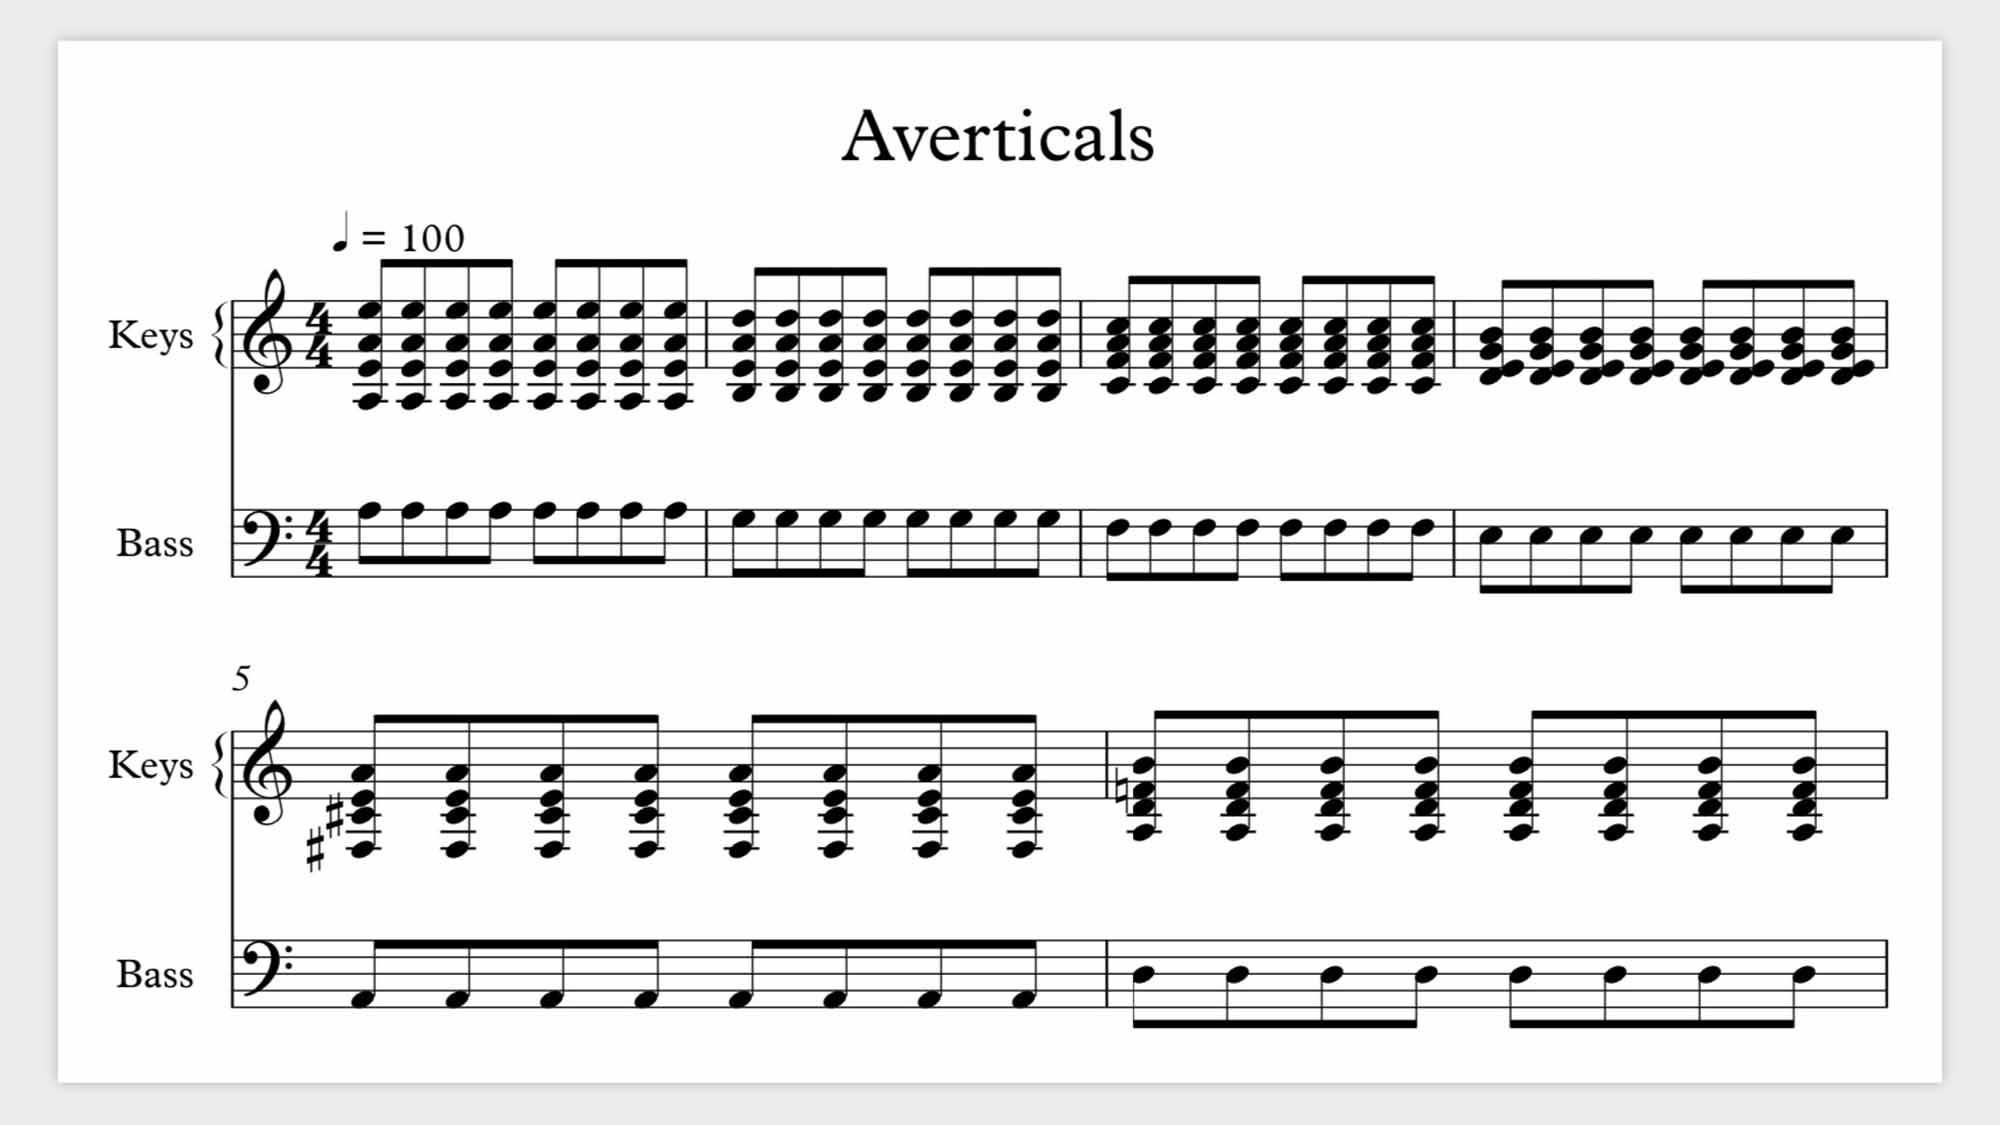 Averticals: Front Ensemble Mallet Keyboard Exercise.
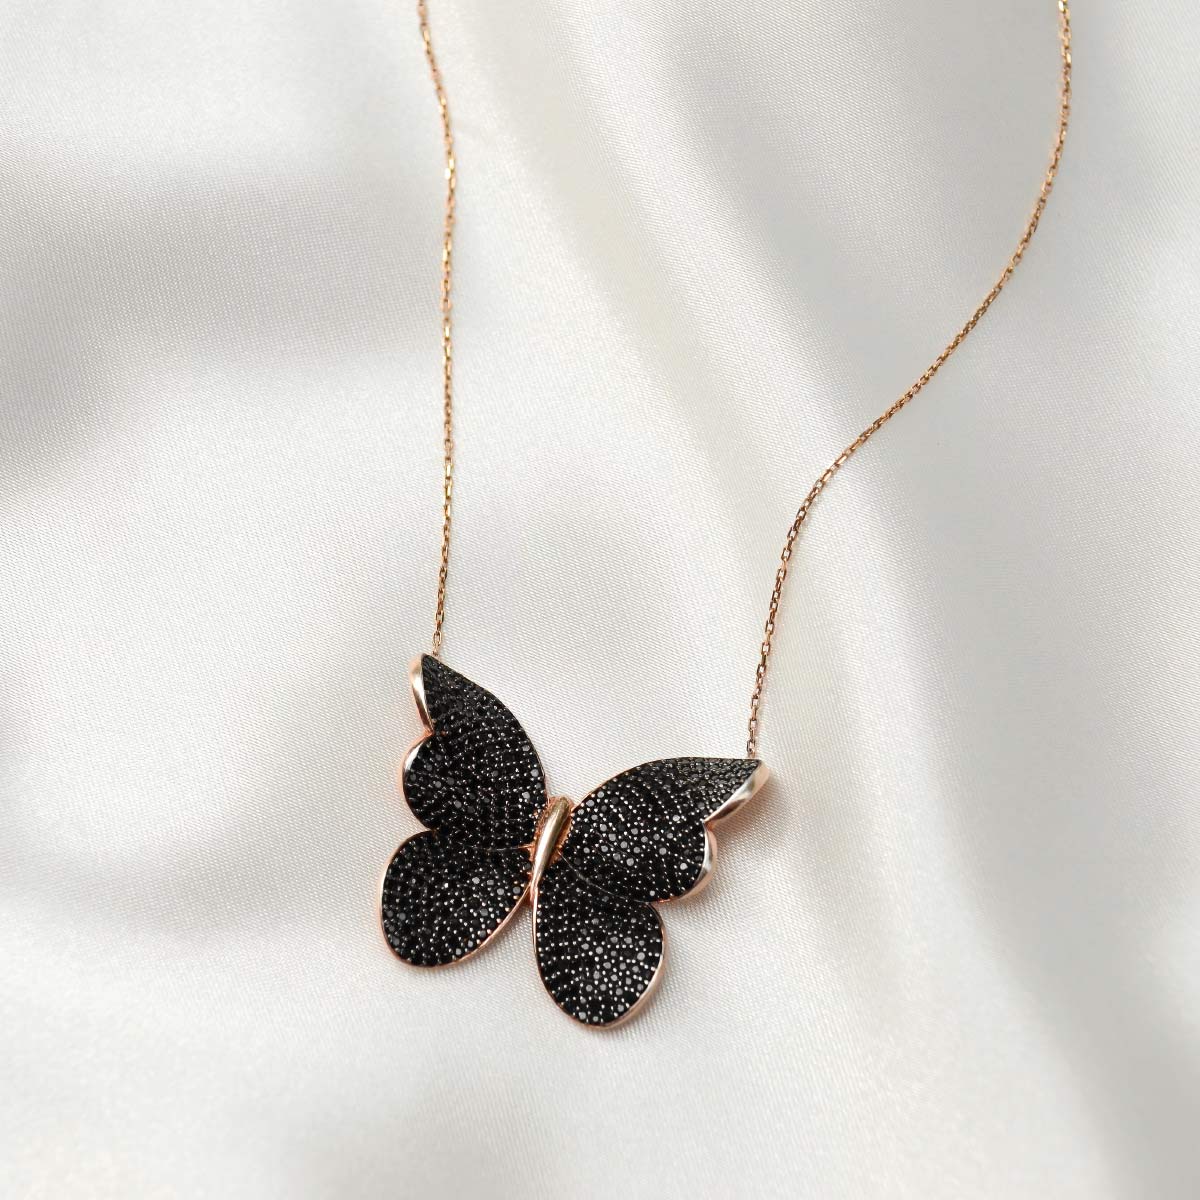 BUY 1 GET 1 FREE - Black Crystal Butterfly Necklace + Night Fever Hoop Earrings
= = = = = = =
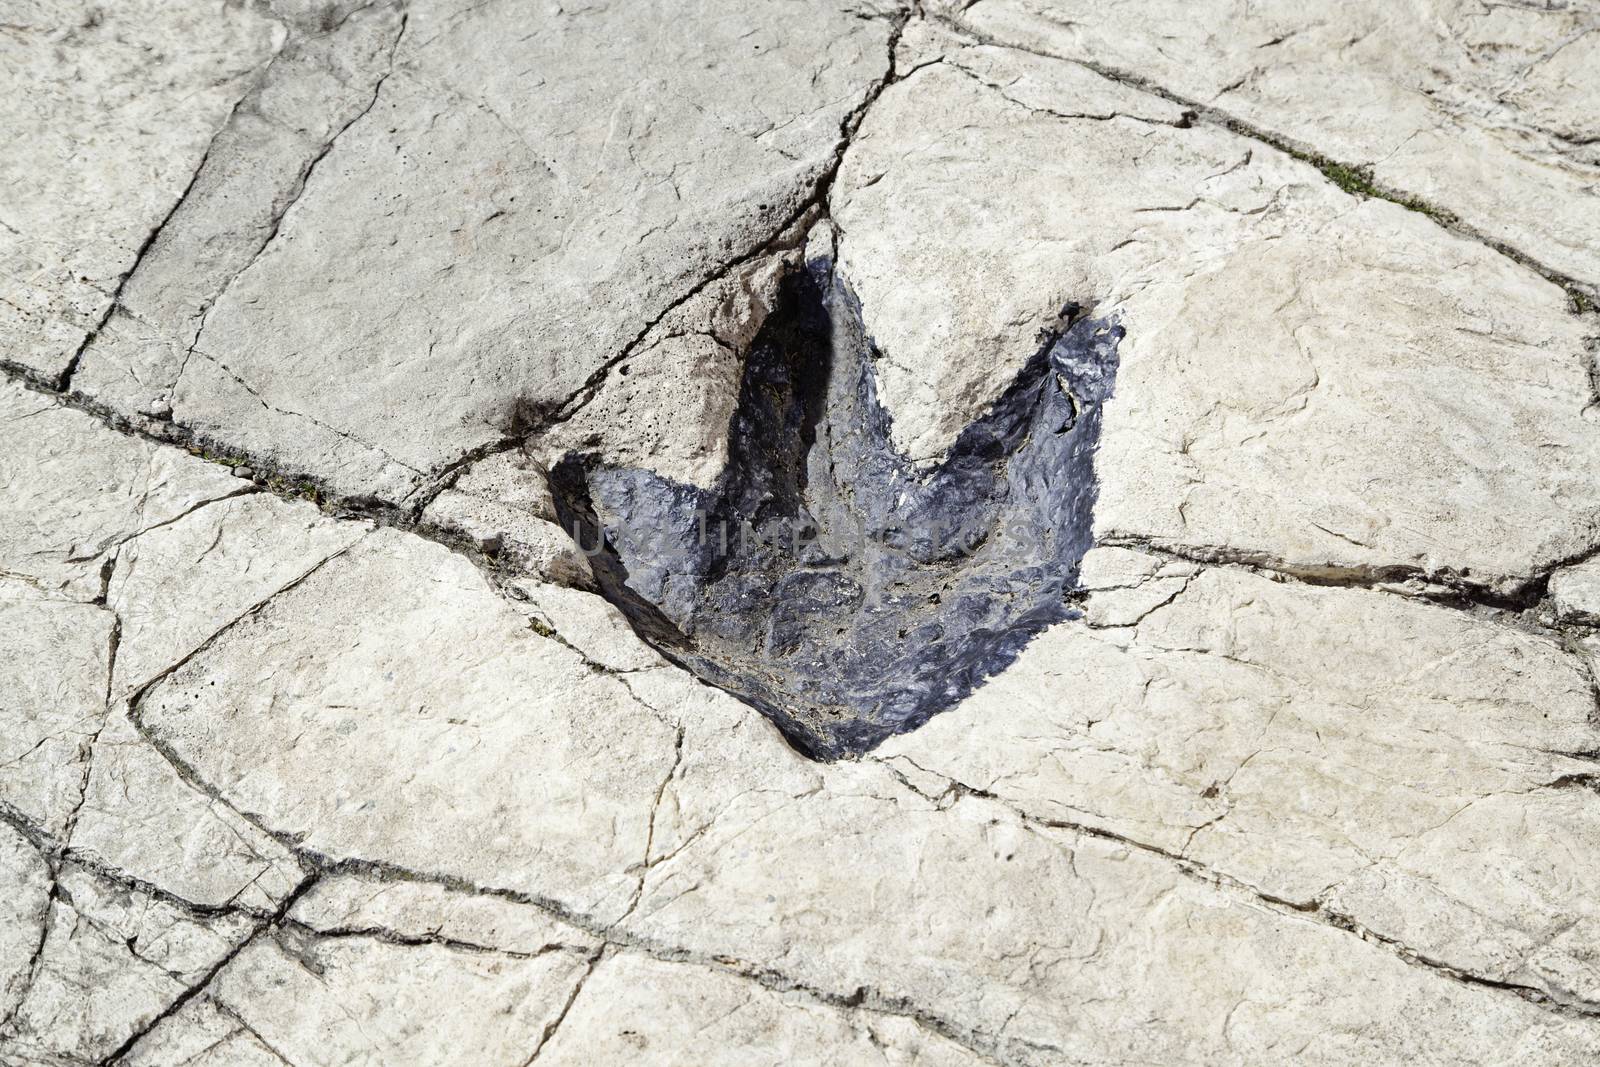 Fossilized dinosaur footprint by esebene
= = = = = = =
• [What is being asked]:
Extract from the material above the stretch running from the line containing "Averticals: Front Ensemble" through the line containing "BUY 1 GET 1". Keep the text exact and the pictures out.

• [Answer box]:
 Averticals: Front Ensemble Mallet Keyboard Exercise.
 BUY 1 GET 1 FREE - Black Crystal Butterfly Necklace + Night Fever Hoop Earrings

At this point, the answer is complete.